Jusqu'ici «loyale et collégiale», selon ses propres termes, Sylvie Perrinjaquet a décidé qu'elle avait avalé assez de couleuvres en silence. Lundi, après avoir officialisé devant la presse qu'elle serait candidate à sa propre succession en avril prochain, la ministre libérale est sortie de sa réserve: oui, elle était en désaccord avec la majorité du Conseil d'Etat avant le scrutin cantonal sur la baisse de la fiscalité de mars dernier. Oui, il est difficile de travailler au sein d'un gouvernement à majorité bourgeoise qui pratique une politique de centre gauche.

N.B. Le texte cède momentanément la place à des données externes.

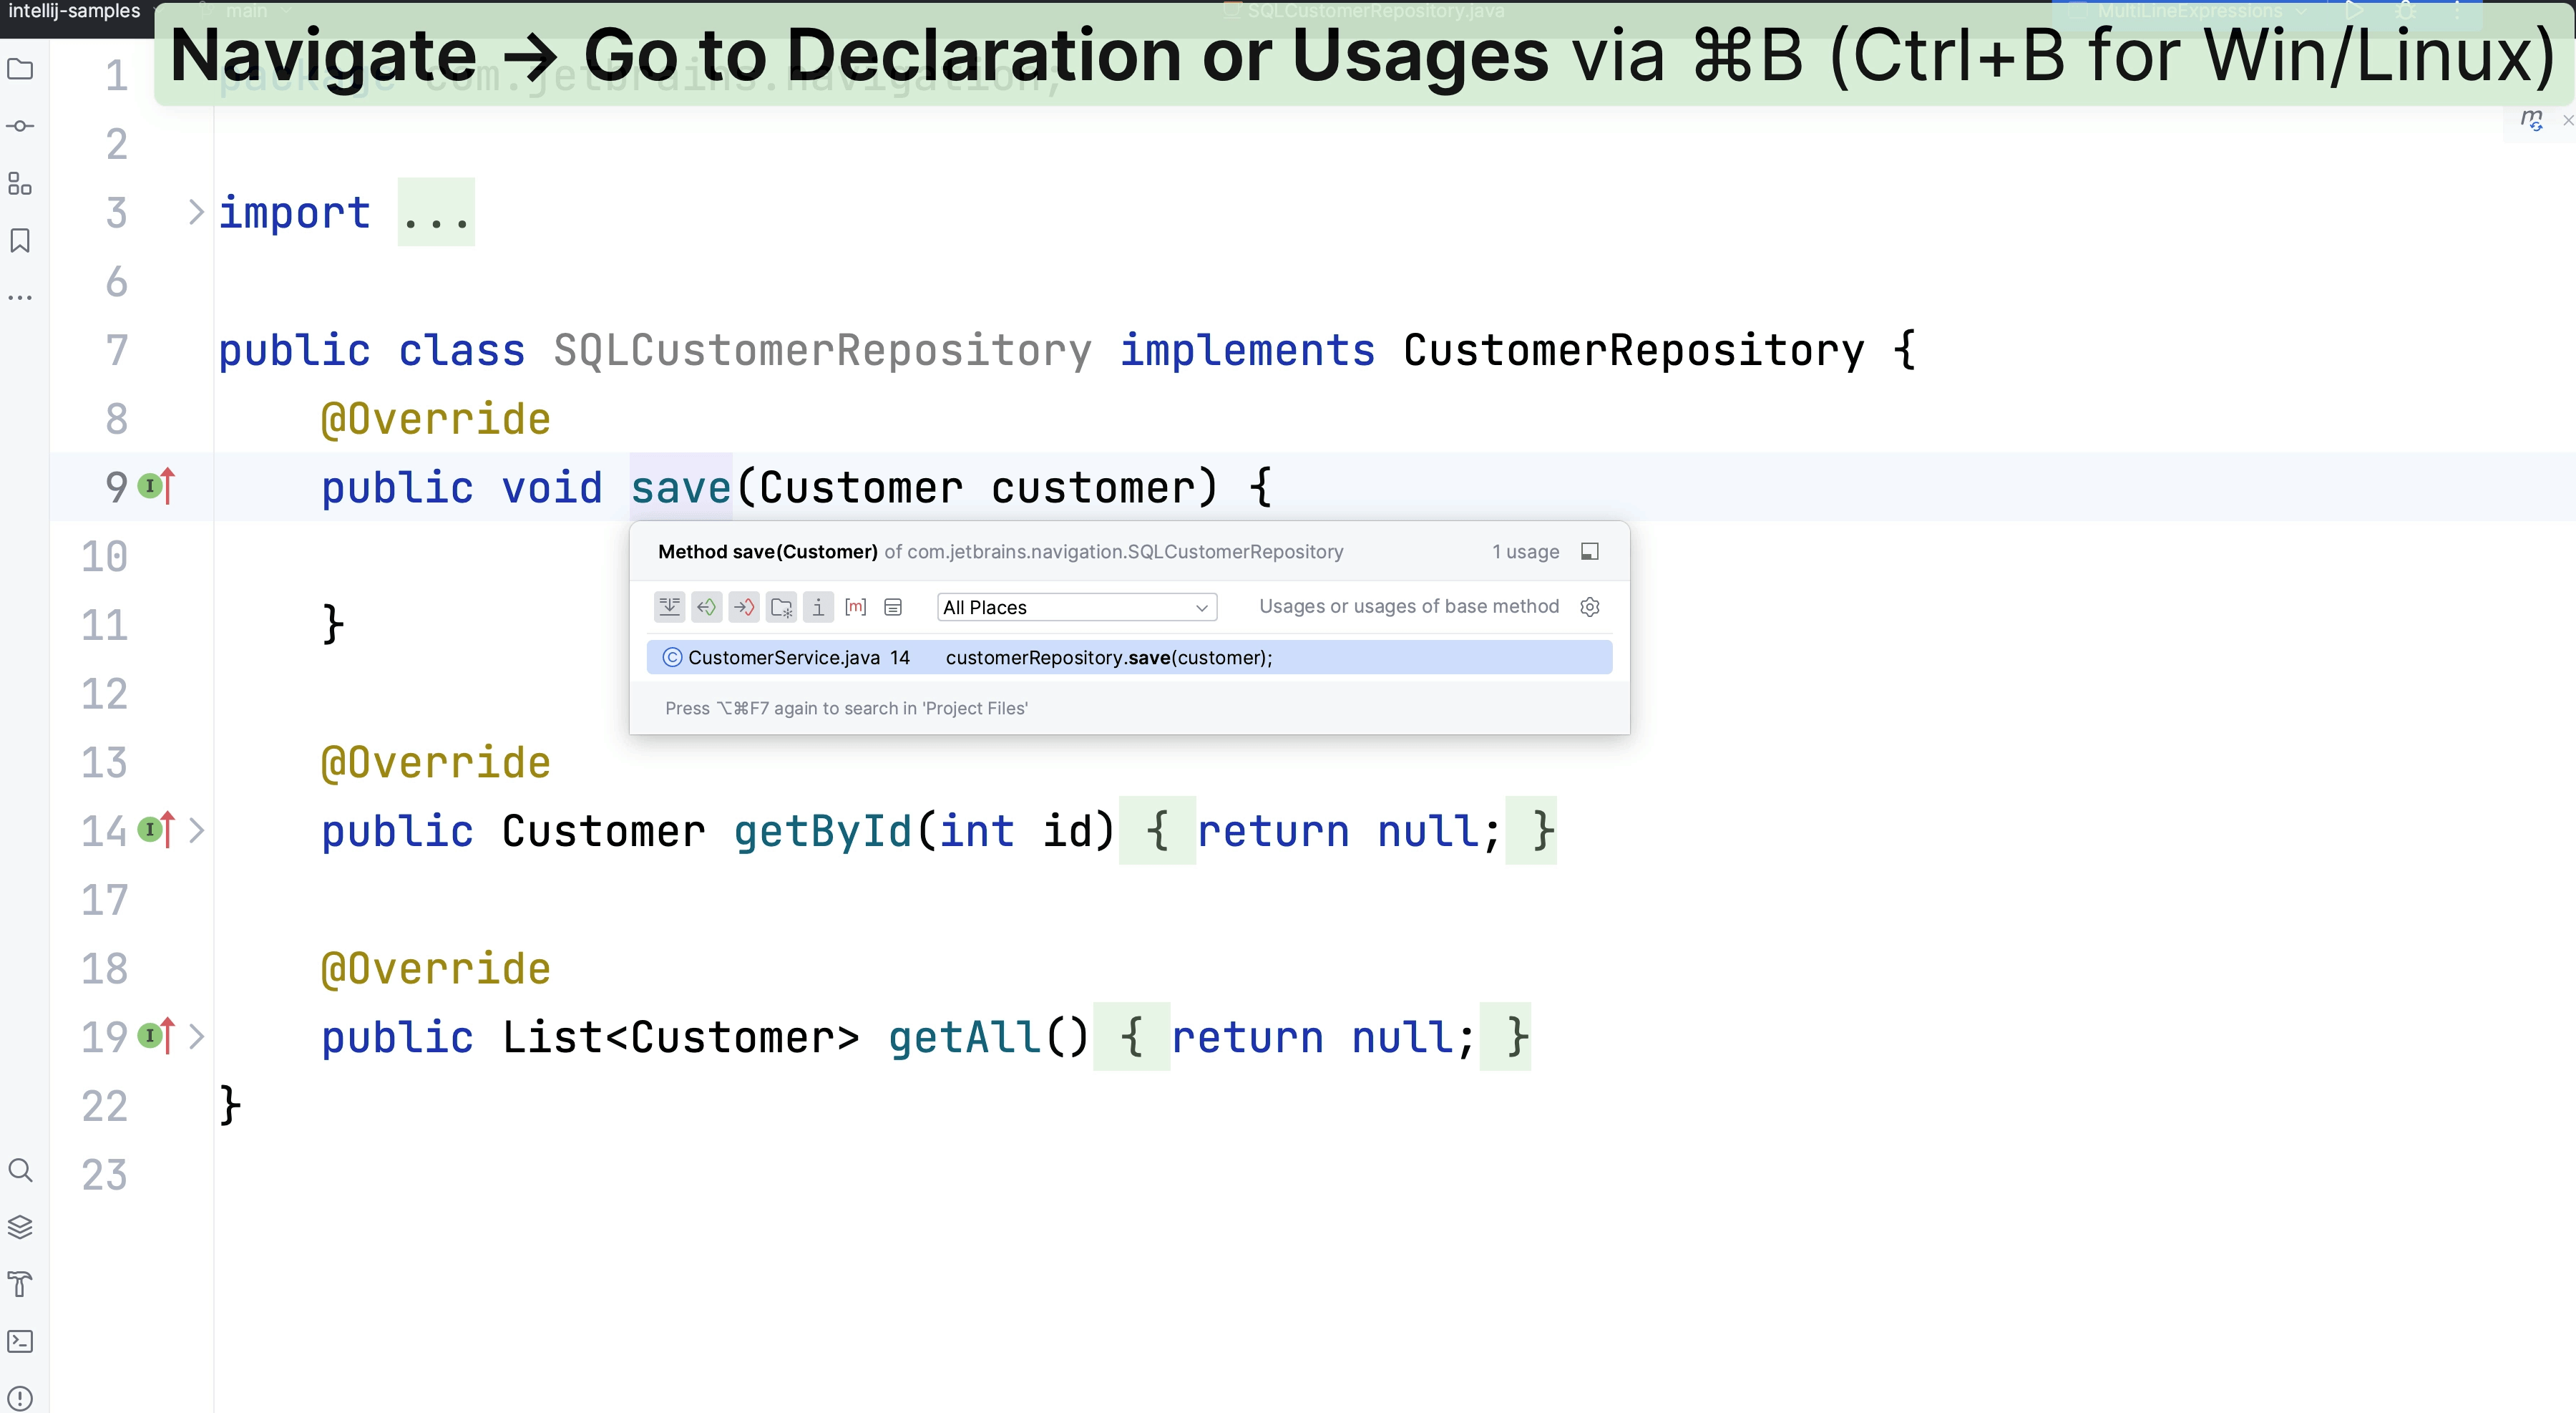 Go to Declaration or Implementation

Des propos pesés et calculés: désormais candidate, la cheffe des Finances et des affaires sociales prend ses distances avec une politique gouvernementale souvent en rupture avec celle d'un Grand Conseil pourtant lui aussi à majorité bourgeoise.

Sylvie Perrinjaquet a toutefois pris garde de ne pas mettre en cause directement son collègue radical Thierry Béguin. Egalement présents, les membres du directoire du Parti libéral/PPN l'ont fait à sa place. Ils ont notamment incriminé «les trahisons» du magistrat radical, qui ont fini «par jeter le trouble» dans la population. «On ne veut plus d'un prince rouge habillé en radical au Château», a imagé Christian Viros, vice-président du parti.

Le président Jean-Claude Baudoin a souligné sa volonté de tout mettre en œuvre pour éviter de rééditer l'expérience lors de la prochaine législature. «Nous avons établi un filtre pour nos propres candidats au Conseil d'Etat. Ce filtre, nous l'appliquerons également aux représentants du Parti radical.»

Si les candidats radicaux devaient ne pas correspondre aux critères fixés, la liste historique libérale/radicale pourrait ne pas être reconduite, tout au moins au premier tour. Une menace qui illustre l'ambiance lourde qui règne entre les deux camps, alors que leur objectif commun est de maintenir la majorité de droite dans le canton. L'assemblée du Parti radical, le 19 novembre, et celle du Parti libéral, le 20, permettront d'y voir plus clair sur les intentions des uns et des autres.

Pour le Grand Conseil, «où il ne s'agit pas d'un mariage ni même de fiançailles», l'apparentement libéral/radical sera reconduit. «Dans certains districts, où il en ira du maintien de la majorité de droite, on peut même imaginer que libéraux et radicaux décident de s'associer à l'UDC», conclut Jean-Claude Baudoin.